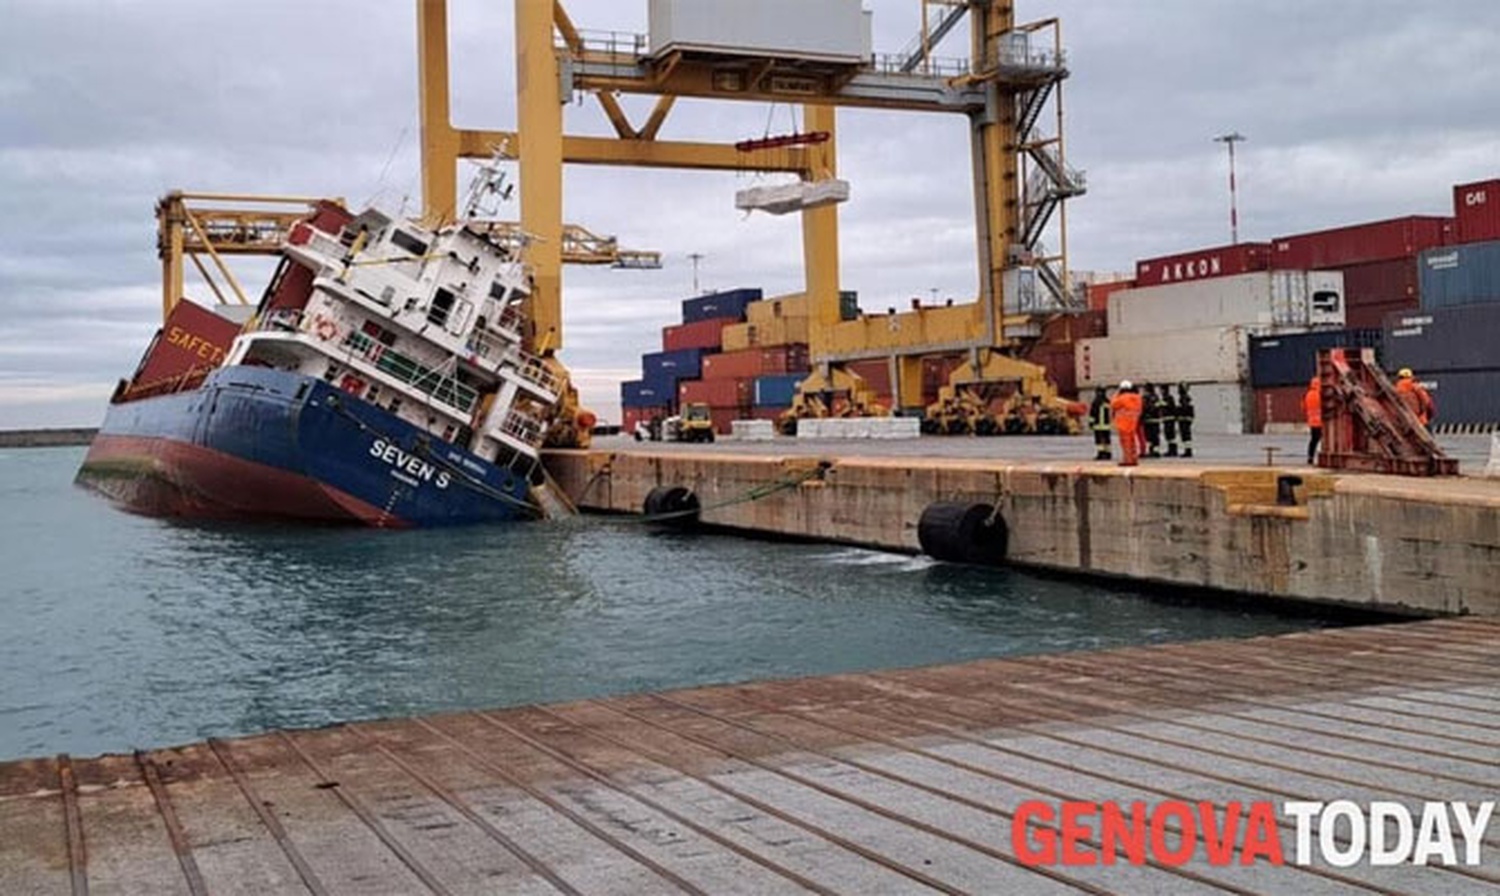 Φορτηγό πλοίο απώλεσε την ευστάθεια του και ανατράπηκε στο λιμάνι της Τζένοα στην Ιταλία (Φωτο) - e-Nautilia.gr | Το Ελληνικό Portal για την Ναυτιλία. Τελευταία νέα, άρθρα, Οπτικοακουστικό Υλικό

___

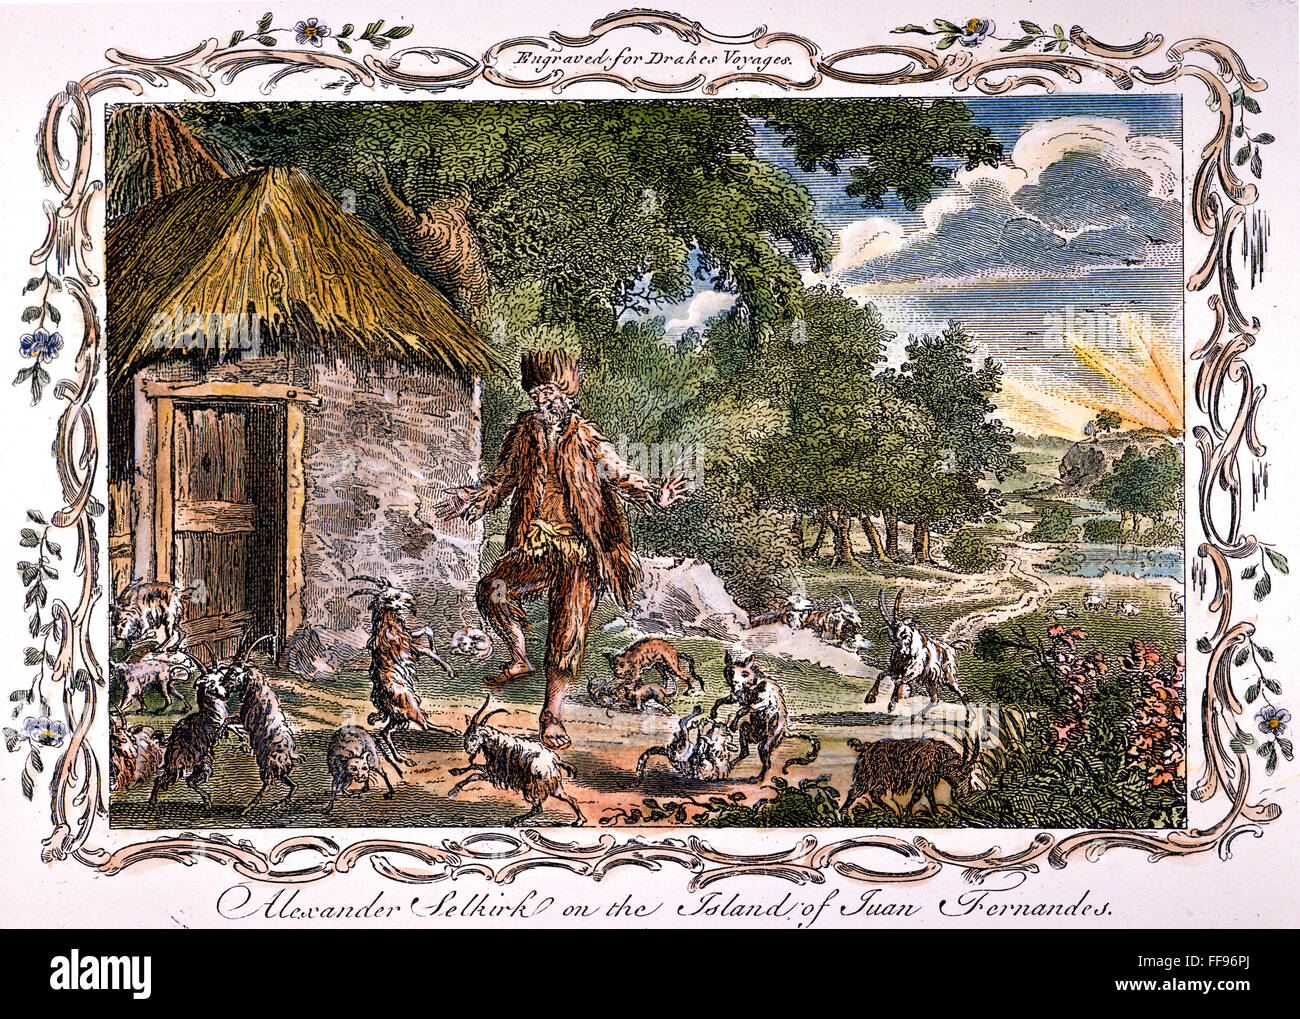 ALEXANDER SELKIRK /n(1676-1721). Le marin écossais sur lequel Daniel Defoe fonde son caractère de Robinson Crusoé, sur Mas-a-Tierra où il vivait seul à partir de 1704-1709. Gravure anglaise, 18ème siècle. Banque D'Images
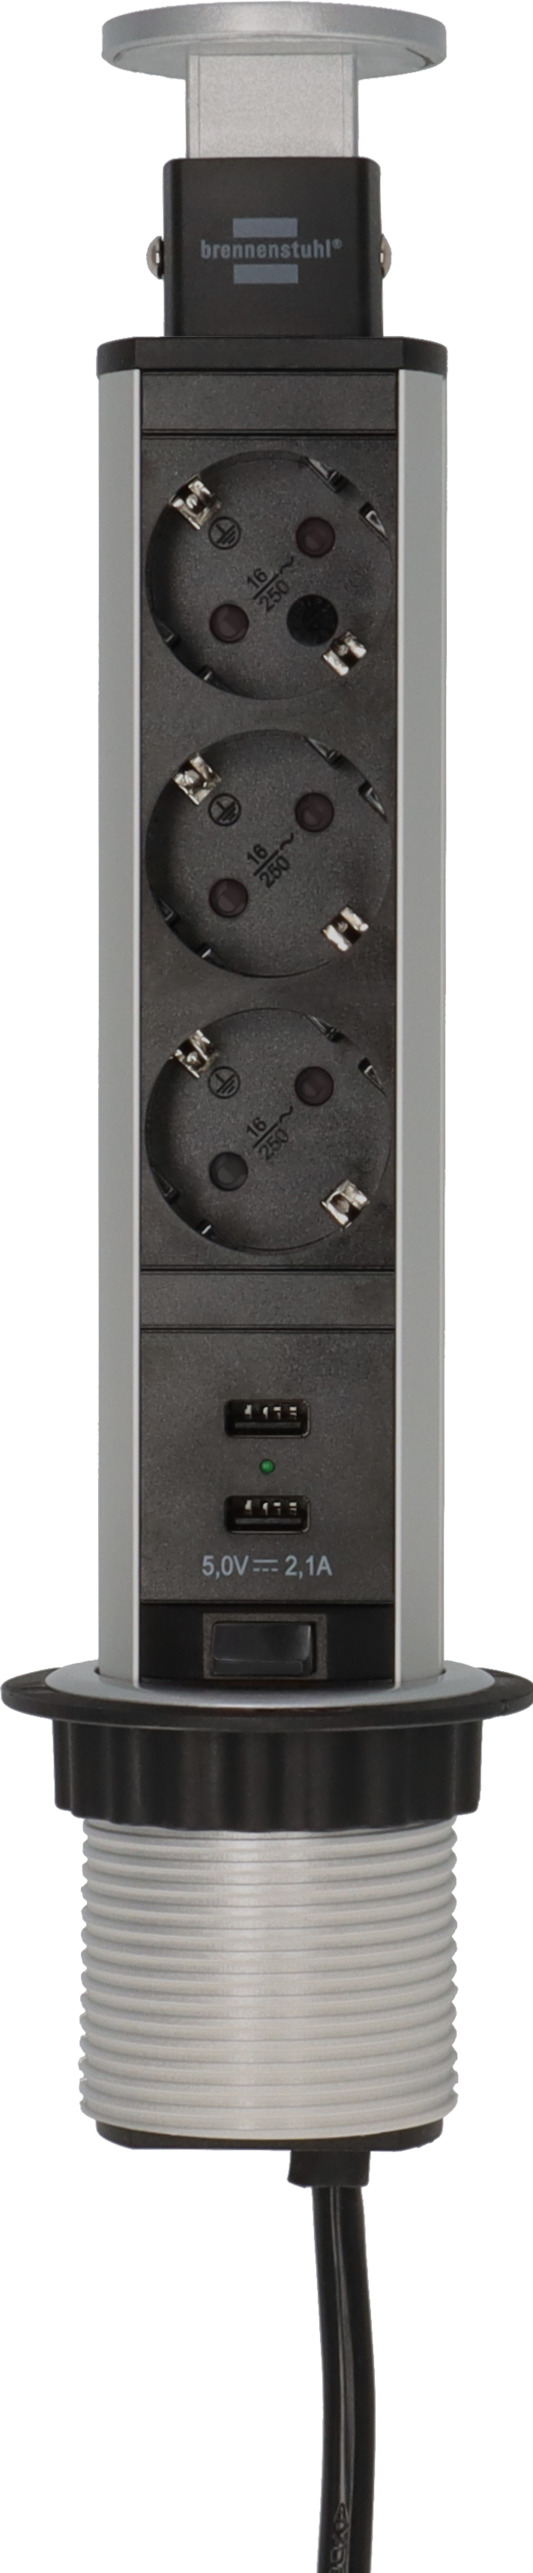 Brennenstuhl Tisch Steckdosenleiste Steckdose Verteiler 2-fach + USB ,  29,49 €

___

◆ **Required work**
Nothing but the lines above, starting at the line that contains "ALEXANDER SELKIRK /n(1676-1721)." and ending at the line that contains "Brennenstuhl Tisch Steckdosenleiste", should be given again, exactly and without the pictures.

◆ **Solution below**
 ALEXANDER SELKIRK /n(1676-1721). Le marin écossais sur lequel Daniel Defoe fonde son caractère de Robinson Crusoé, sur Mas-a-Tierra où il vivait seul à partir de 1704-1709. Gravure anglaise, 18ème siècle. Banque D'Images
 Brennenstuhl Tisch Steckdosenleiste Steckdose Verteiler 2-fach + USB ,  29,49 €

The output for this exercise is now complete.